# Upper Colorado 2 Bridges Access



## scottyt (Jun 16, 2015)

Thanks for the info! Looking for some advise and I would like to float 2 bridges to catamount this Sat. With the increase flows how safe is this stretch? Its my 2nd year on the oars with this section being the most experience I have on the CO. I just don't want to get in over my head. I am looking at honing my skills at bigger water and was thinking with the bigger flows this could be a good stretch to do so at this time... Just more and bigger wave trains out there? Also we were thinking about camping at Catamount, if you know if that open please let me know as well! 

Lastly do you know if the new take out at Catamount has been completed?

Thanks,
ST


----------



## ECOS_Ranger (Aug 3, 2015)

2 Bridges to Catamount is still very runable for most competent class I-II boaters. Bigger, faster, water requires faster decision making and creates specific features. That section is still considered to be class I-II. HOWEVER, the water is colder and much swifter, eddy lines and wave trains are bigger. These sections become less family (and dog) friendly as levels increase as swimming becomes more consequential. Wear your life jacket and have a plan!

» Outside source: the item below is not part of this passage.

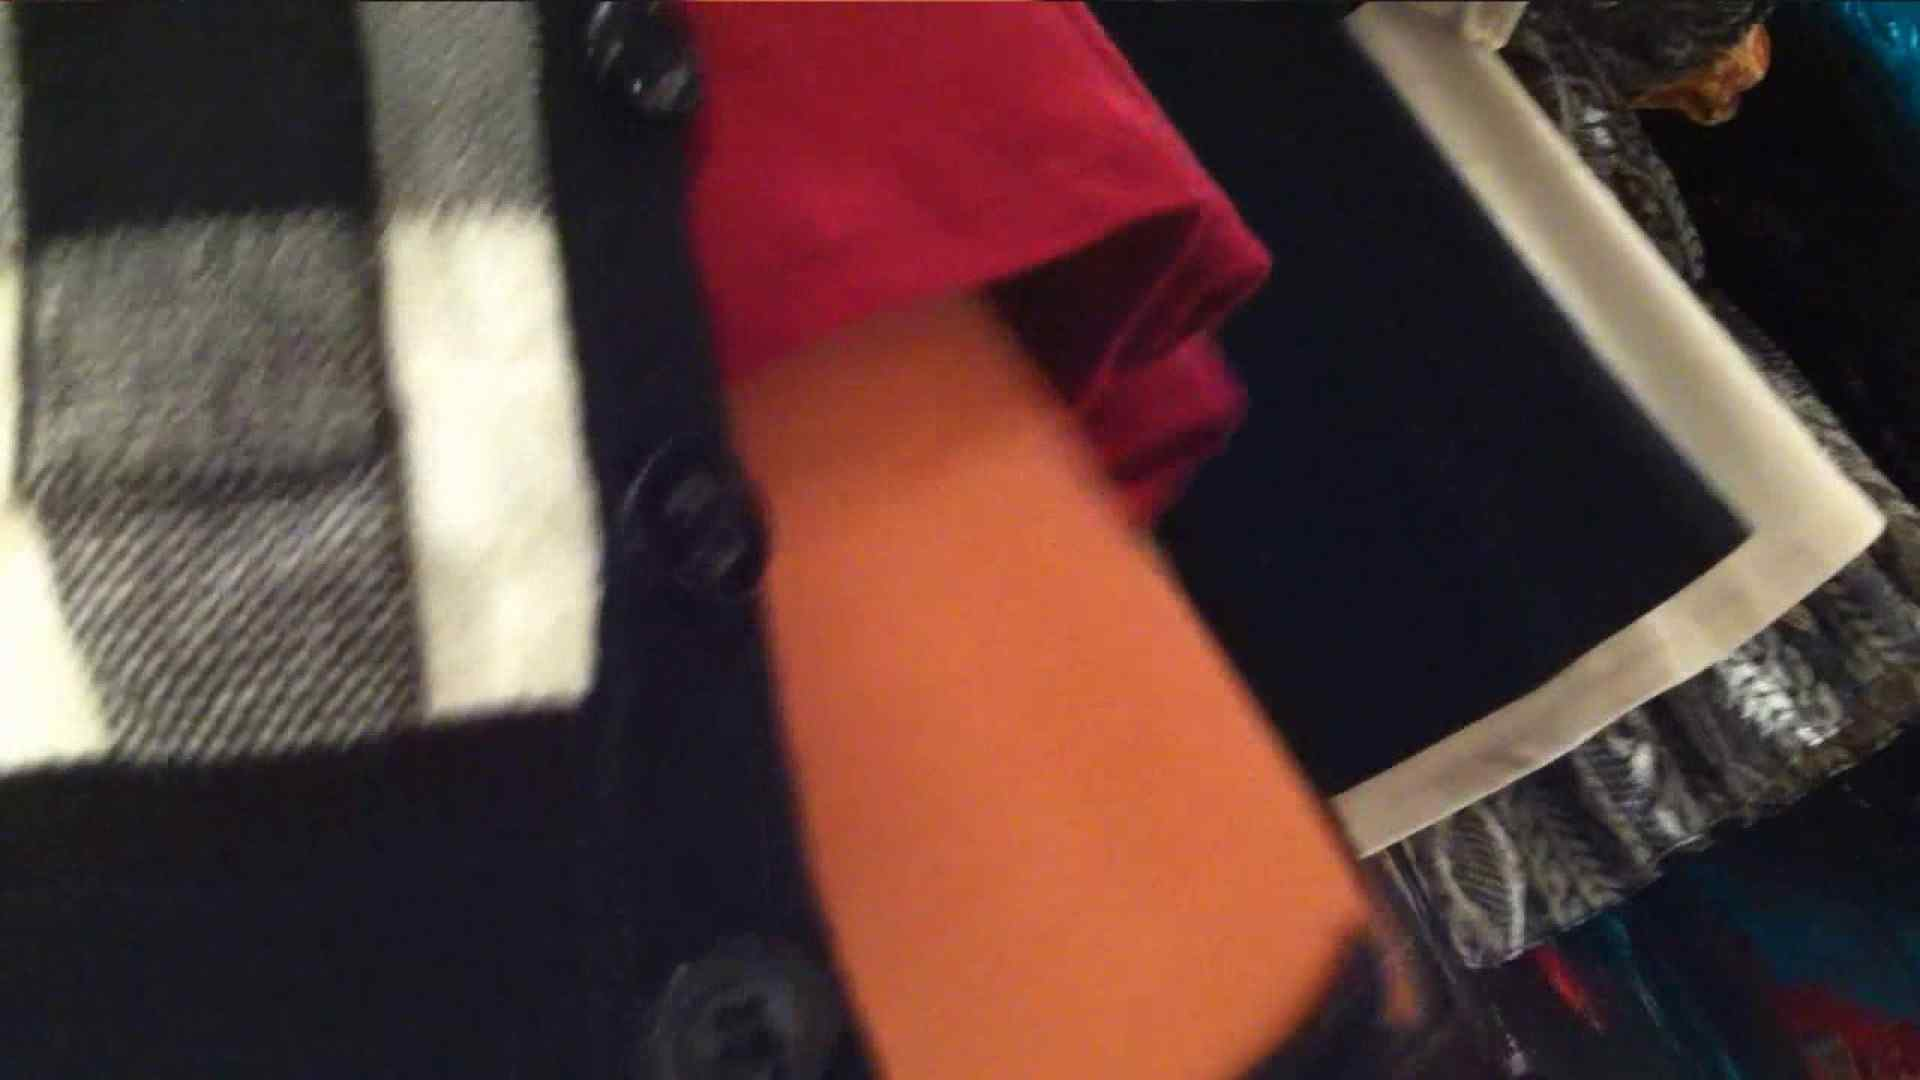 vol.33 美人アパレル胸チラ&パンチラ ギャル系ネーチャンの下着 下着姿 盗み撮り動画 94pic 27

Catamount's camping is first-come-first-served, get there early, and best of luck on a weekend. The takeout is a hard pull to get to Catamount's river left boat ramp. Just after the road bridge(s) you need to make your move. The higher the water, the harder the move. This can easily be scouted, and I suggest you do, prior to your trip. Missing the ramp will require you to float the canyon below to Pinball Ramp and most likely run Rodeo Rapid (III).

Before you go:
http://www.eaglecounty.us/OpenSpace/Documents/Upper_Colorado_River_Guide/


----------



## stribtw (Mar 19, 2009)

ECOS_Ranger can you remind me at what level you can safely pass under the second bridge in a raft? Thanks!


----------



## ECOS_Ranger (Aug 3, 2015)

Depends on your boat and frame. Most people get nervous about clearance once the upstream (Pumphouse/Kremmling) gauge reads around 5000cfs. Tall throne style rowing seats and thigh bars likely need to portage or use the upper takeout around that level. If unsure, just stop and scout at the upper access between the two bridges.

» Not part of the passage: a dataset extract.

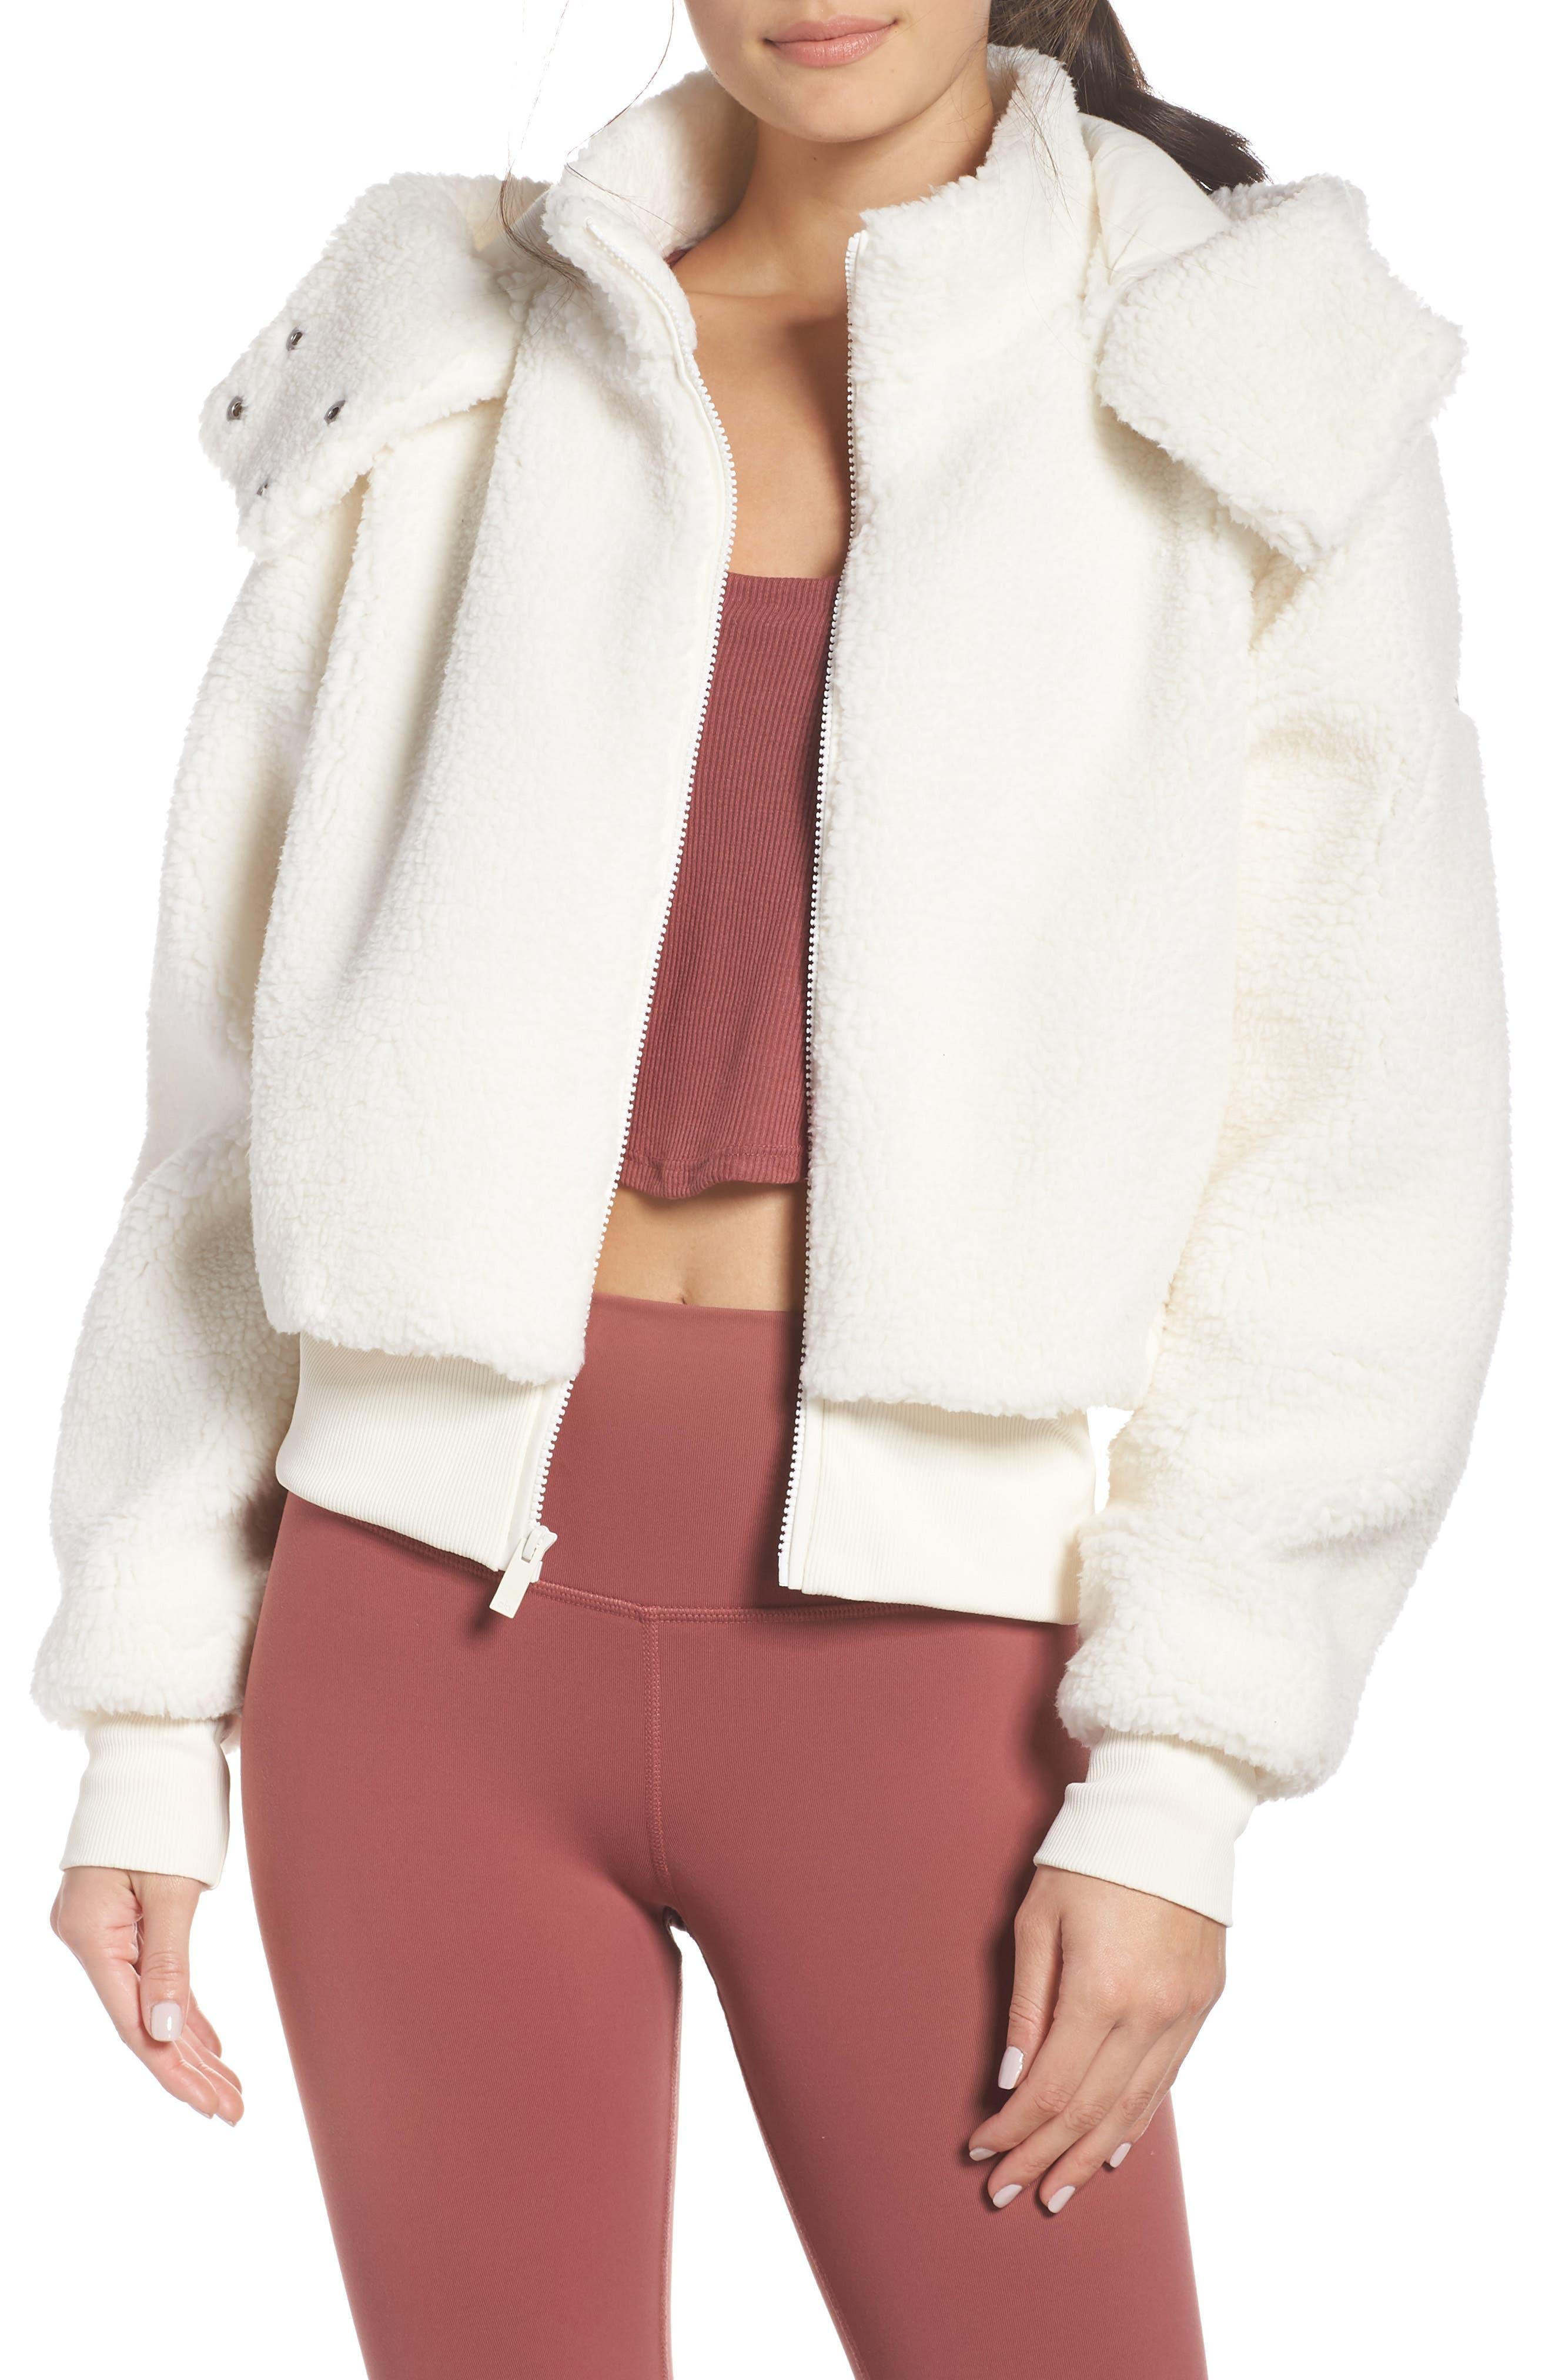 ALO, Foxy Faux Fur Jacket, Main thumbnail 1, color, PRISTINE

Scottyt - As far as I know there is no new plan to replace the "takeout" at the Catamount bridge, that is likely gone forever. The new bridge has taken its place. Use the BLM ramp just below the bridge.


----------



## MaverickUSC (Jun 24, 2014)

ECOS_Ranger said:


> Missing the ramp will require you to float the canyon below to Pinball Ramp and most likely run Rodeo Rapid (III).


Or you could catch the eddy for the camp next to the ramp downriver and line your boat back upstream. That's where you're gonna wanna camp anyways if you're running the river.


----------